Het oude carrièrepatroon is dood: Los van deze kieskeurigheid, en een mogelijke mentaliteitsverandering, is ook de carrièreverwachting anders. Starters hebben veel geld en tijd geïnvesteerd in een goede opleiding —studeren aan het Culinary Institute of America kost alles bij elkaar 31.000 dollar per jaar— en willen zich niet jarenlang van onderaf opwerken.
Salarisontwikkeling: In de Verenigde Staten zijn de salarissen de afgelopen jaren achtergebleven bij de inflatie.
Onrealistische ambities: Alle jonge koks verwachten een tweede Anthony Bourdain te worden. Tv-programma’s geven een te glamoureus beeld van het beroep.
Ruimere carrièreopties: Veel jonge talenten beginnen voor zichzelf. Vroeger was het werken in een prestigieuze keuken de beste manier om jezelf te bekwamen, maar nu niet meer per sé, licht Maureen Drum-Fagin (Institute of Culinary Education) toe: “Je kunt nu werken met dezelfde leveranciers, dezelfde topingrediënten, samenwerken met dezelfde boeren door te gaan werken als een ambachtelijke producent of met een foodtruck.”
Bevindingen uit onderzoek
Het feit dat het kokstekort zo’n groot probleem is in de Verenigde Staten, maar ook in het Verenigd Koninkrijk of Australië, duidt erop dat we dieper moeten graven dan toevallige Nederlandse omstandigheden. Gelukkig is er op deze plaatsen ook onderzoek gedaan naar het verschijnsel waar wij lessen uit kunnen trekken.

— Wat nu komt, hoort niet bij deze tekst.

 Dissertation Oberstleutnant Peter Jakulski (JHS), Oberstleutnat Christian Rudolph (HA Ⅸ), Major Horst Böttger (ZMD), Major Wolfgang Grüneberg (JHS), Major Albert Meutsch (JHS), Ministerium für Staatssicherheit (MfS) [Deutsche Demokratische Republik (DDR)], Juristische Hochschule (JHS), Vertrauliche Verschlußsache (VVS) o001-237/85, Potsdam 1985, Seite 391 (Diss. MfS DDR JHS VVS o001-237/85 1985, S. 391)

Personeelsverloop is geen natuurverschijnsel: We zijn gewend geraakt aan hoog personeelsverloop en bouwen dit voor een deel zelf in, bijvoorbeeld door met studenten en andere tijdelijke krachten te werken. Maar in feite blijft het gewoon een managementprobleem. Met training en loopbaanbegeleiding kan het verloop en het verlaten van het beroep worden tegengegaan.

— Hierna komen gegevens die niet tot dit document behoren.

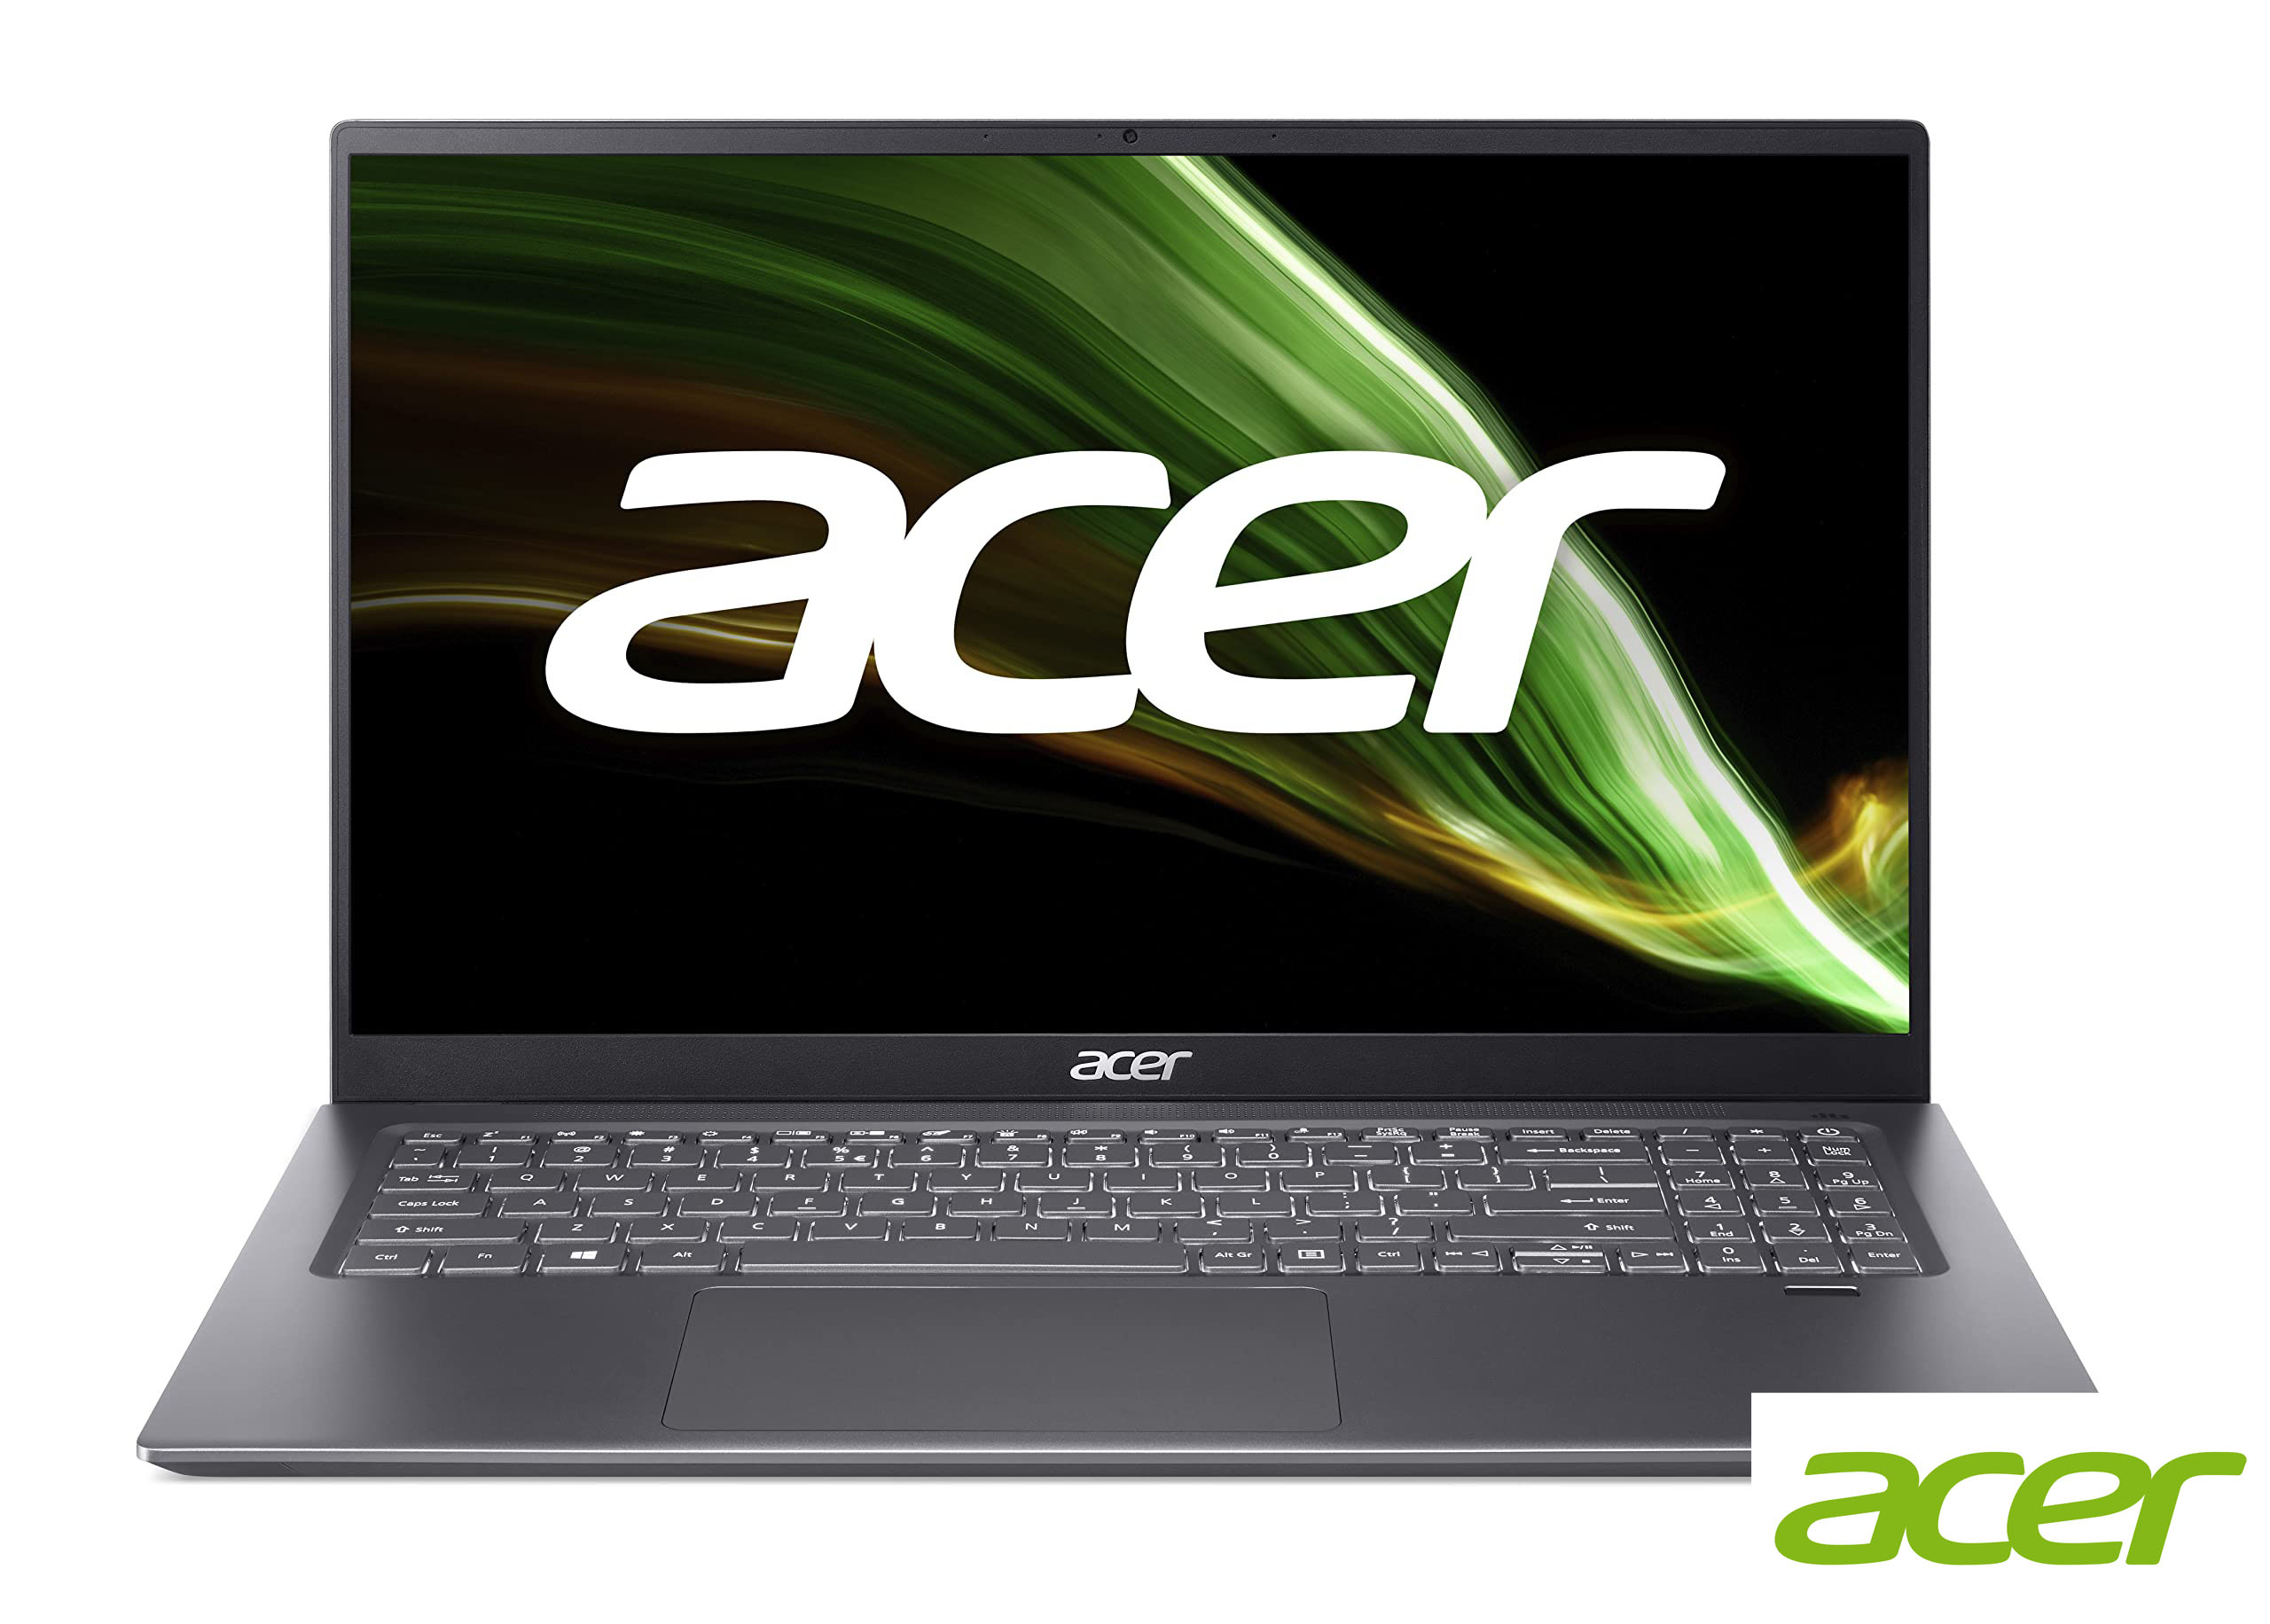 Hdd Для Ноутбука Acer Aspire Купить

Roeping of beroep? De tevredenheid met het werk varieert sterk met leeftijd. Ouderen zijn meer tevreden dan recente instromers. Ook degenen die hun werk zien als een persoonlijke investering zijn meer tevreden dan degenen die in de keuken staan voor het geld.
De gevolgen van ‘deskilling’: Er bestaat een spanning tussen het creatieve vakmanschap en standaardisering. “Zakjes openknippen”, zoals Niven Kunz het noemt, draagt bij aan beroepsuitval.
Een snelle blik in ons economieboek leert, ten slotte, dat bij stijgende vraag en gelijkblijvend aanbod de prijs stijgt. Dit geldt voor de goed voorbereide starter die uit enthousiasme voor het beroep kiest. Voor de gestandaardiseerde formulekeuken is zo iemand misschien overgekwalificeerd. Meer aandacht voor het behouden van goede mensen is op de lange termijn de verstandigste strategie.
Auteur: Jeroen Oskam, Hotelschool The Hague.